The Honorable Wilbur Ross
Secretary of Commerce
1401 Constitution Ave NW
Washington, DC 20230
Dear Mr. Secretary:
LNG Allies represents companies involved in the export of liquefied natural gas (LNG) from the United States.
We write today to respectfully request that the Department of Commerce issue an exemption for all imported steel products used in U.S. LNG export facilities from the “Presidential Proclamation on Adjusting Imports of Steel into the United States,” which was issued by President Donald J. Trump on March 8, 2018.

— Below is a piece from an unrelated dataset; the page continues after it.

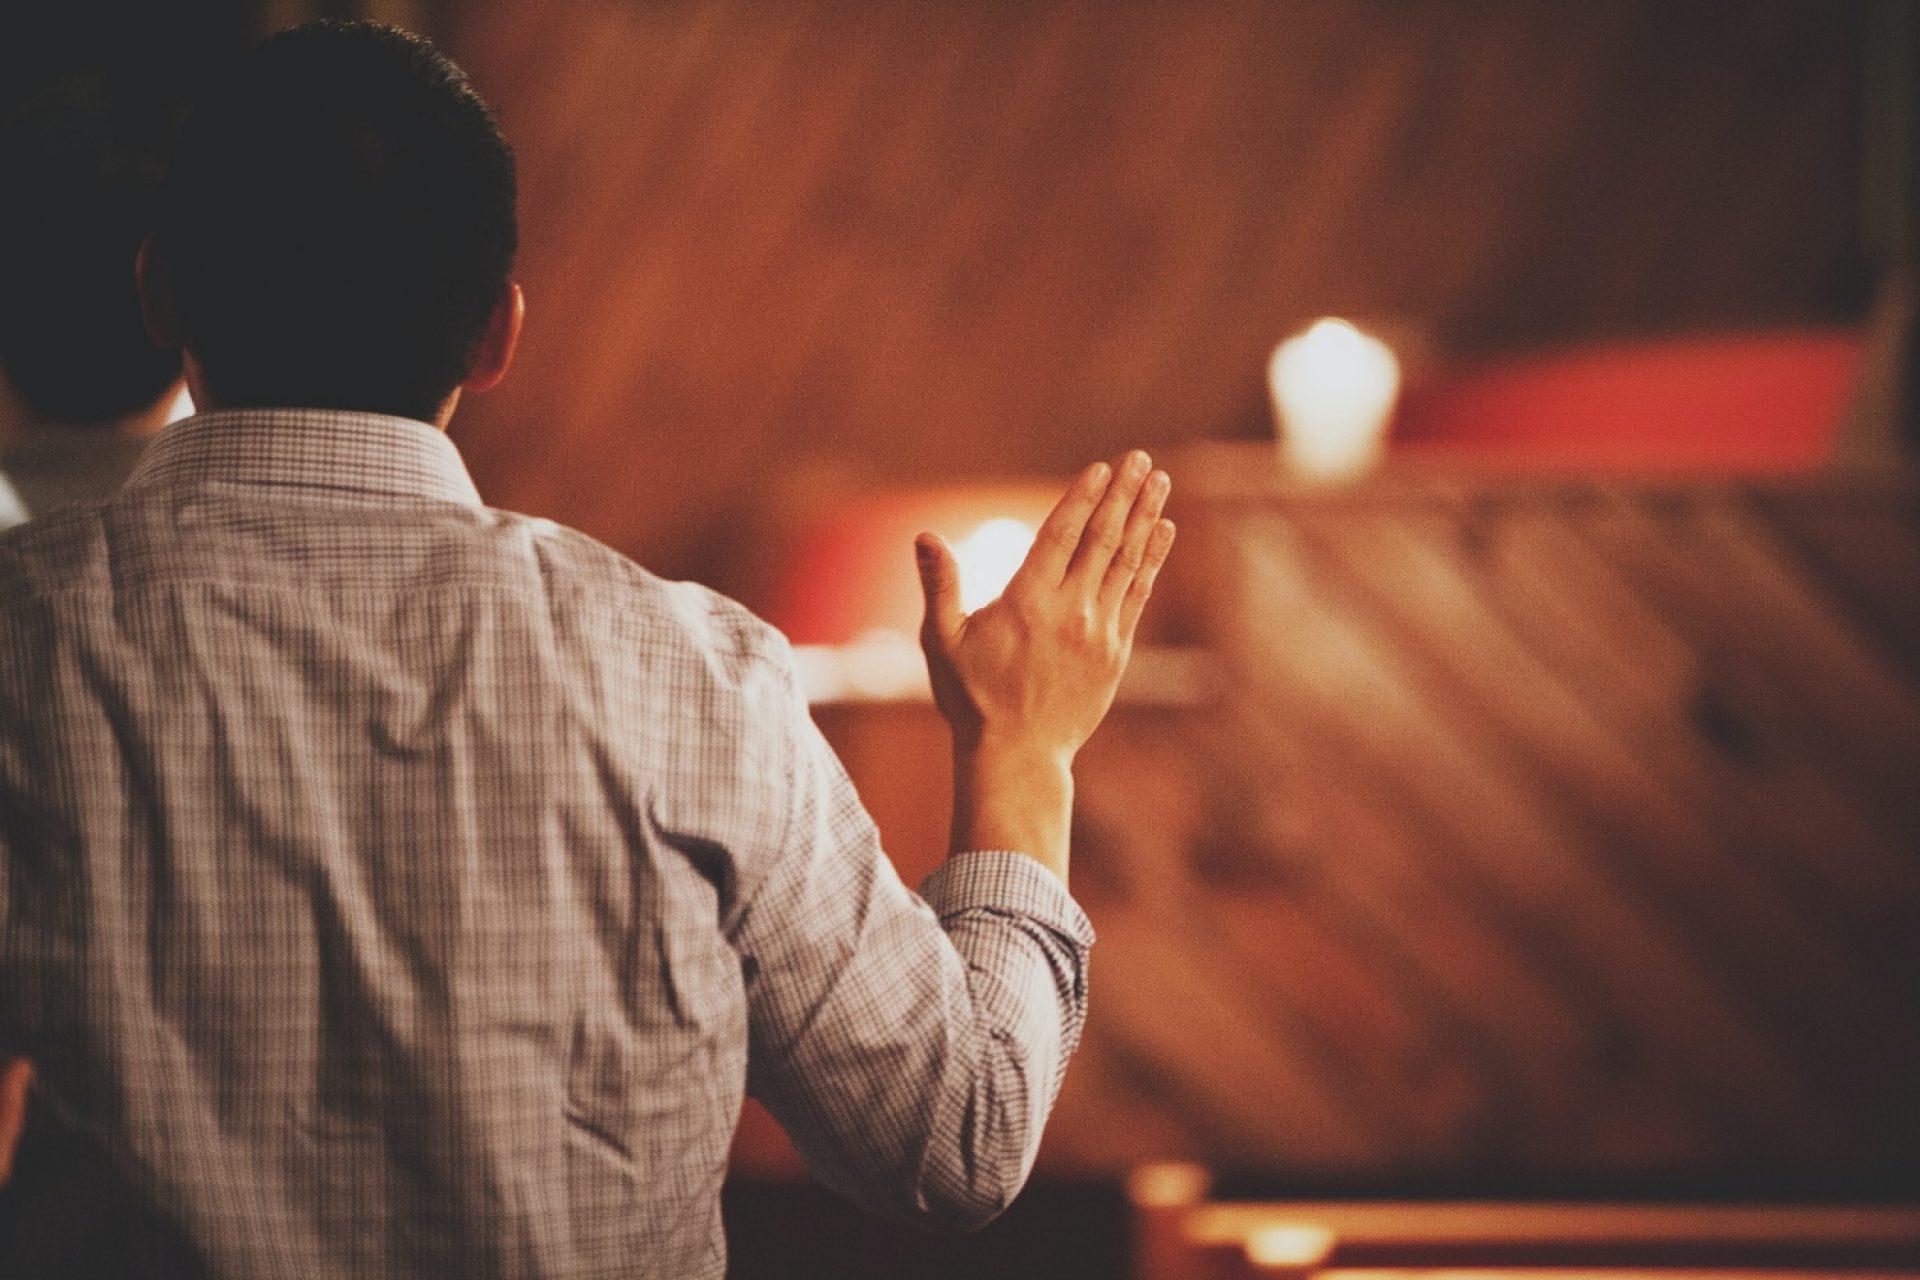 Iglesia Pentecostal Uncion Apostolica

We understand that clause 4 of the proclamation states that: “Within 10 days after the date of this proclamation, the Secretary [of Commerce] shall issue procedures for the requests for exclusion described in clause 3 of this proclamation” and that such procedures should be forthcoming by March 19, 2018. Nonetheless, we believe that the U.S. LNG export industry is such an enormous “engine” of jobs and economic growth to merit a full, complete, and immediate exemption from the proclamation. Consider these salient facts:
- U.S. LNG projects involve hundreds of billions of dollars in infrastructure investment (counting LNG export facilities, pipelines, and upstream production) throughout the United States, create hundreds of thousands of U.S. jobs, and incorporate equipment manufactured in over half of the 50 states.
- LNG exports also reduce the U.S. trade deficit, increase our GDP, limit “stranded gas” in shale basins, and greatly expand the geopolitical influence of the United States by providing secure, low-cost, environmentally-beneficial natural gas for power generation in 35+ nations (including many that are running large trade deficits with us).
Despite these substantial benefits, the U.S. LNG export industry is at a crucial stage of early development. Global competition is fierce and when it comes to the next generation of liquefaction projects, only the lowest-cost facilities will be built. As we noted in our letter to President Trump of March 1, 2018, much of the steel used to build LNG export projects is either not produced at all in the United States or not made here in sufficient quantity. Thus, American LNG projects will surely become more expensive as a result of the new tariffs.
In the coming weeks we will provide more information about the impact of the 25 percent steel tariffs on the U.S. LNG industry and updated U.S. LNG jobs and economic data. However, we urge you to act as soon as possible to issue a full and complete exemption from the 25 percent tariff for all imported steel products used in U.S. LNG export projects.